Not to give away my age, but I was around for when Skunk Anansie headlined Glastonbury over twenty years ago, and I’ve rocked up to watch them in 2022 wondering if the years have taken any toll. I mean, they on me, but on Skin?
Well the answer is immediate. After a snippet of Boris Johnson fucking up talking about Peppa Pig, Skin takes to the stage in a neon day glo suit with Clit Rock on the back, an inflatable headdress that makes Keith Flint look like a boy scout, and unleashes a voice and an anger which has not tarnished one iota with age. It looks like it’s going to be, if anything, even more of a fiery set than the past. This is not going to be a nostalgia power hour. This is current and vital.
We don’t even get past one song before Skin is starting to smash equipment and coming down and into the crowd. One thing we’ve noticed at Glastonbury 2022 is singers are more willing to come into the audience, security are letting them with a light hand, and everyone’s being respectful of it. This is a good crowd. Not that you’d get too close to skin lest her headdress take your eye out.
Random side note: the drums are sounding particularly sweet this afternoon.
The headdress comes off, the suit is still visible from space. As they perform, a thought crosses our minds: if you didn’t know who this was, if you’d stumbled into the area from a different field, you’d be impressed, and you’d think this was a brilliant rock band with their finger on the zeitgeist who should be far more famous than you think they are. And it’s true, why are Skunk Anansie performing at an early afternoon slot, why are they not one of the UK’s premier heavy bands?
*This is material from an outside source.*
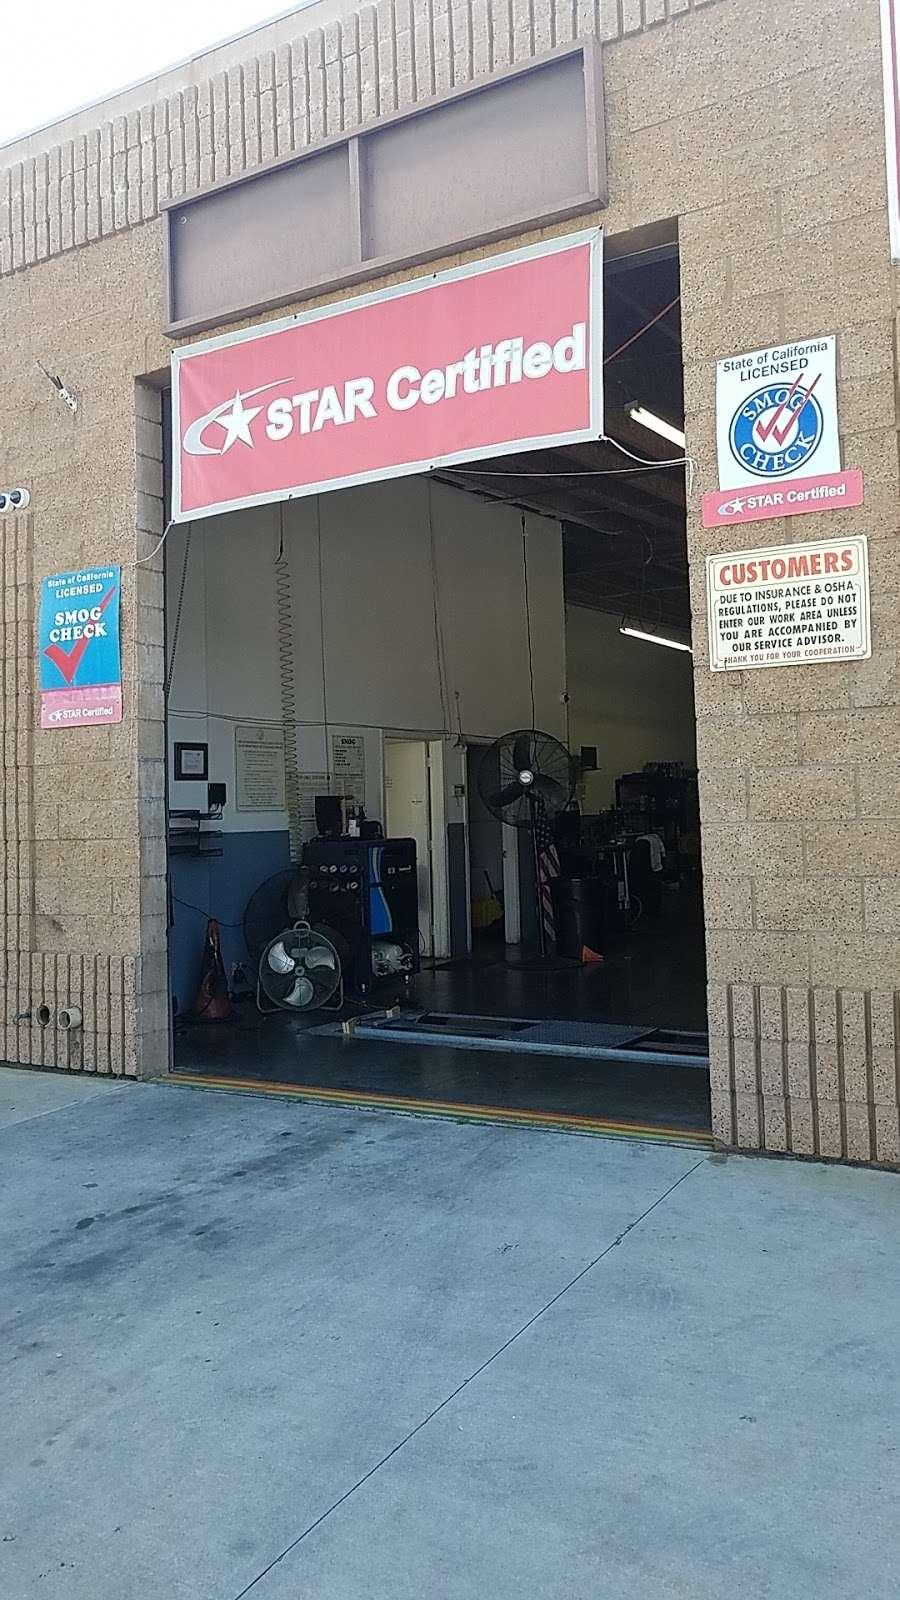 Covina Test Only - car repair    Photo 1 of 2   Address: 650 Barranca Ave # C, Covina, CA 91723, USA   Phone: (626) 610-6975

As Skin says, they don’t just tour 90s songs, as launches into new one Can’t Take You Anywhere.
As the set goes on, Skin increasingly explains the political and moral meanings behind the songs, but does so in an articulate, convincing, and perfectly calm and reasoned manner before launching into ferocious and addictive rock music. You get the feeling Skin should be invited onto Question Time, so she can give a perfectly pitched spoken word reply and then rip through three minutes of blistering tunage as her answer and it’ll be better and more honest than anything said on it in a decade, the irrelevant Tory showcase that it now it. Let’s face it, if the band were as famous as this performance shows they should be, and they were headlining the Pyramid tonight, they could probably start a much needed revolution.